Authors: Sourav Banerjee, Anush Mahajan, Ayushi Agarwal, Eishkaran Singh
Subjects: | Computation and Language (cs.CL); Artificial Intelligence (cs.AI) |
Cite as: | arXiv:2412.09263 [cs.CL] |
(or arXiv:2412.09263v1 [cs.CL] for this version) | |
https://doi.org/10.48550/arXiv.2412.09263 |
Abstract
Natural Language Inference (NLI) tasks require identifying the relationship between sentence pairs, typically classified as entailment, contradiction, or neutrality. While the current state-of-the-art (SOTA) model, Entailment Few-Shot Learning (EFL), achieves a 93.1% accuracy on the Stanford Natural Language Inference (SNLI) dataset, further advancements are constrained by the dataset’s limitations.
To address this, we propose a novel approach leveraging synthetic data augmentation to enhance dataset diversity and complexity. We present UnitedSynT5, an advanced extension of EFL that leverages a T5-based generator to synthesize additional premise-hypothesis pairs, which are rigorously cleaned and integrated into the training data. These augmented examples are processed within the EFL framework, embedding labels directly into hypotheses for consistency.

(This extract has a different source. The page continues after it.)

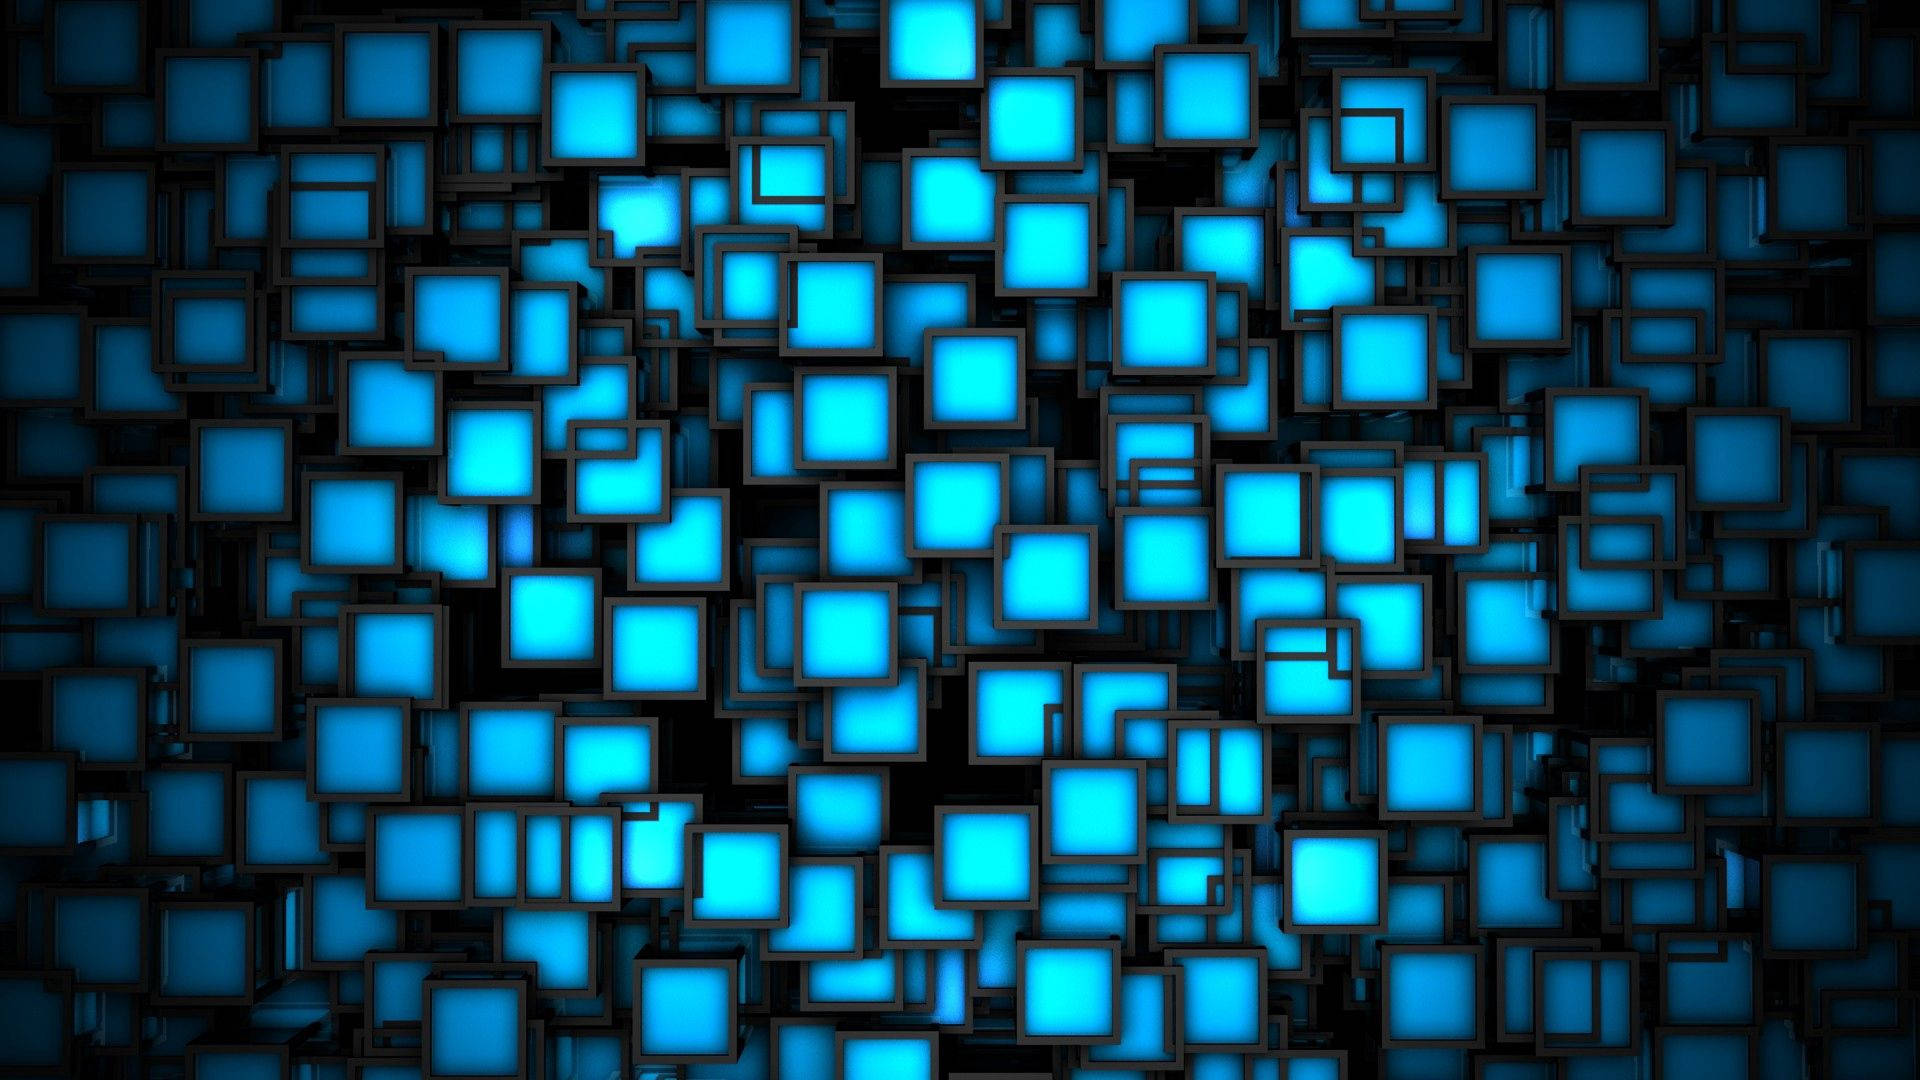 Geometric Pattern Of Blue Squares And Black Background Background

We train a GTR-T5-XL model on this expanded dataset, achieving a new benchmark of 94.7% accuracy on the SNLI dataset, 94.01% accuracy on the E-SNLI dataset, and 92.57% accuracy on the MultiNLI dataset, surpassing the previous SOTA models. This research demonstrates the potential of synthetic data augmentation in improving NLI models, offering a path forward for further advancements in natural language understanding tasks.